The high costs are compounded by the lack of utilities and services outside urban centers. An interested developer often not only has to buy the land to be built on, but also pay for an access road and expansion of utility facilities.

UNHABITAT's “Strategic Plan for Safer Cities” explicitly mentions slum improvements as an integral element in promoting urban security.7 The main security issue in slums stems from the lack of physical access to communities. The immediate need for housing and the lack of resources to achieve it sustainably (both financially and environmentally) can lead to ecological destruction. The affordable housing sector is particularly complex due to the many actors involved.

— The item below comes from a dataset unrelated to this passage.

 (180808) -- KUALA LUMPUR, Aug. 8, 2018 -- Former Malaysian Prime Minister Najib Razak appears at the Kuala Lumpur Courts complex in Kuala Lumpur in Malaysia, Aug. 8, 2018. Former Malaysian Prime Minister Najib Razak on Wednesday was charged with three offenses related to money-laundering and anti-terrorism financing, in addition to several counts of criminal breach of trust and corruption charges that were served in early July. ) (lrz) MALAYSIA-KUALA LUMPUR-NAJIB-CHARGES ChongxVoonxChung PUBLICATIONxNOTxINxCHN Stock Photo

Major roadblocks fall into three categories: lack of a supportive regulatory environment, lack of affordable units, and lack of access to diverse housing finance options. Without a sufficiently stable economy, potential home finance lenders are unsure of the currency's stability and may be reluctant to lend to either borrowers or other market participants for fear that their investments will not retain value.

Such complexity poses a challenge to planning social housing support schemes, as there are many different interests that need to be aligned (see box below). A successful housing sector needs land-use measures, sufficient supply of affordable housing units to meet demand, government involvement in community planning and development, and adequate access to adequate housing finance products. There are four main market conditions that provide a successful and supportive environment for the development of the housing sector: a stable economy, liens, a legal and regulatory regime, and a legal and institutional infrastructure that facilitates titles.

Without a regulatory system that sets safety and sound standards, borrowers have no assurance of protection through the transparency of financial product terms and construction standards. Without the legal and institutional infrastructure that allows titles, low-income individuals cannot use their home or land as collateral to secure a loan.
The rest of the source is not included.